When a base class pointer is pointing to a derived class object, it executes the BASE class function and not a derived class function. A kind of local and global variable behavior is observed when we use an Object.Function notation. When two variables of the same name are used, in both, local and global context, the global variable is inferred when in a global context while in a local context, the local variable is in effect. However, when a pointer is pointing to an object and a function is invoked, there are two options for the compiler to act on.

1. The compiler decides the type of pointer by looking at the definition and choose the function belongs to that class.

2. The compiler, alternatively, can find out where the pointer is pointing to, and choose the function belongs to the object being pointed to at that point in time.

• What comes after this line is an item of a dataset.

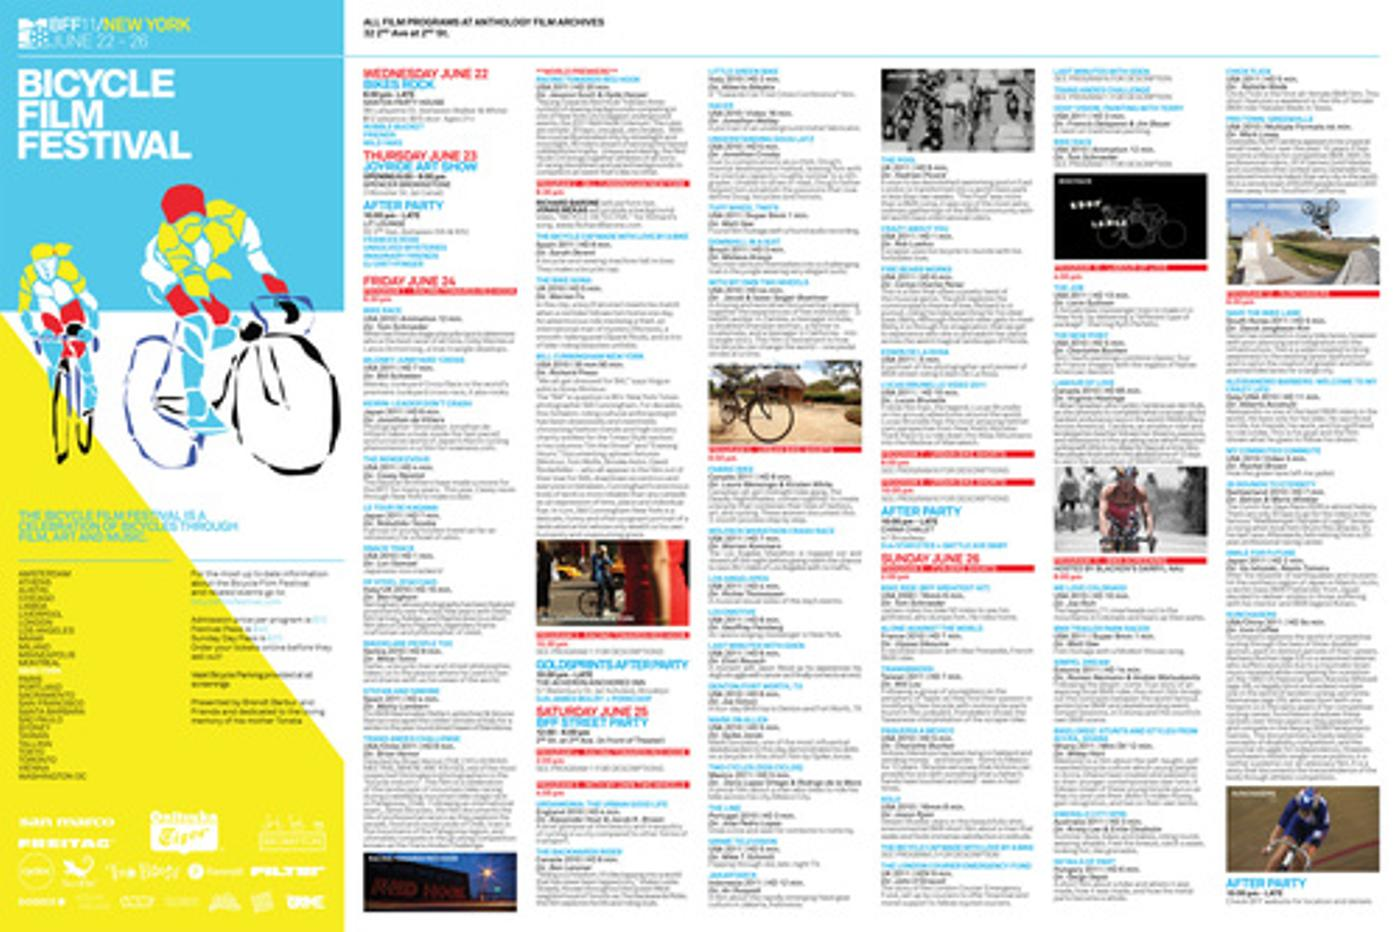 BFFNYC2011-02.jpg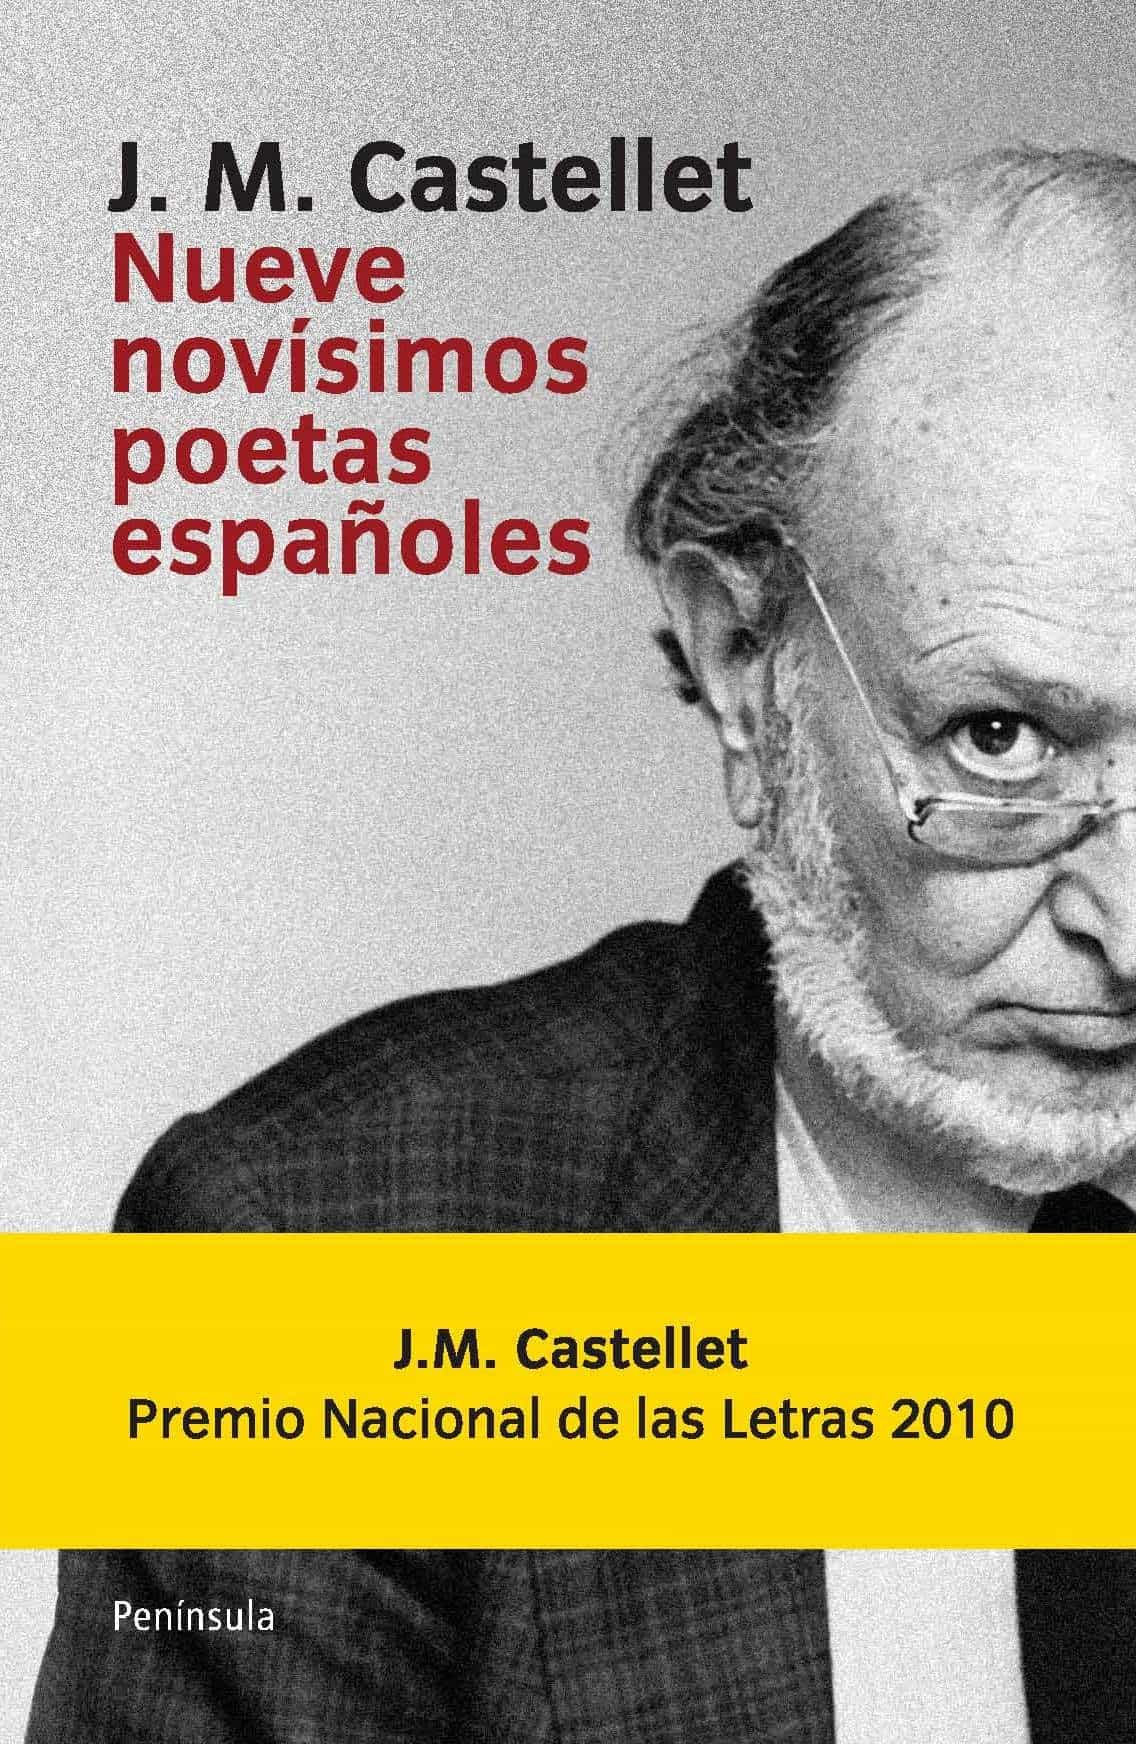 nueve novisimos poetas españoles-jose maria castellet-9788499420882

The C++ compiler, as you have seen in above case, chooses the first approach. The reason is, when a function is already defined and used to invoke the overloaded function like draw () above, the compiler has this pointer for this call available and can process the function call at compile time. When we define pShape is pointing to a Shape class, this pointer is this pShape itself (which is of type pointer to Shape). Unlike that, the second case requires the compiler to know where the pointer is pointing to which may not be possible at compile time. C++ compilers by default choose options which are runtime efficient and thus they choose the first version. What if we want to tell the compiler to go for the second option, that means, we want to the compiler to find out where the pointer is pointing to, and execute the function of that object? We can do so very easily by changing a single statement in the above program. The base class draw function definition now changes as follows.

class Shape

{..

virtual void draw()

…

It is Shape

It is Circle

Figure 24.8 Changes by virtual

The virtual word added just before the name of the function changes the default behavior. Now the compiler resolves the function based on the content the pointer is pointing to. The output now changes to as shown in 24.8. The third statement now indicates that it draws a circle. That means, the compiler now finds out where the pShape is pointing to and invokes the draw() function of that class.

Virtual functions

Virtual functions allow the process of choosing the function at runtime. Virtual functions are treated specially by compilers. When the virtual functions are deployed in the class, the class requires additional storage for two reasons. The first addition is called a virtual table. This table is used for storing pointers to all virtual functions. This virtual table is also known as vtble for short. Another additional storage requirement stems from the objects to need to have an access to this virtual table. Every object now has a pointer inserted as an additional member, known as vptr, pointing to that virtual table. Such a table is constructed for every class where at least a single virtual function is defined. All objects of that class invariably will have a single vptr as an additional member in all such cases. The idea is to reset this virtualpointer to point to the vtble when the pointer points to object of another class. This resetting is done at runtime when pointers continue pointing to objects of different classes. When a different type of object is pointed to by the pointer, it has its vptr pointing to different vtble and thus can access to different virtual functions defined for those objects. Suppose following three statements are encountered.

Shape *pShape;

pShape = &Ring;

pShape->draw();

pShape is defined as pointer to shape in the first statement. When it is defined, it contains a vptr pointing to vtble of Shape class. When statement 2 is encountered and pShape is made to point to an object of class Circle, the pShape’s vptr now is made to point to vtble of Circle class.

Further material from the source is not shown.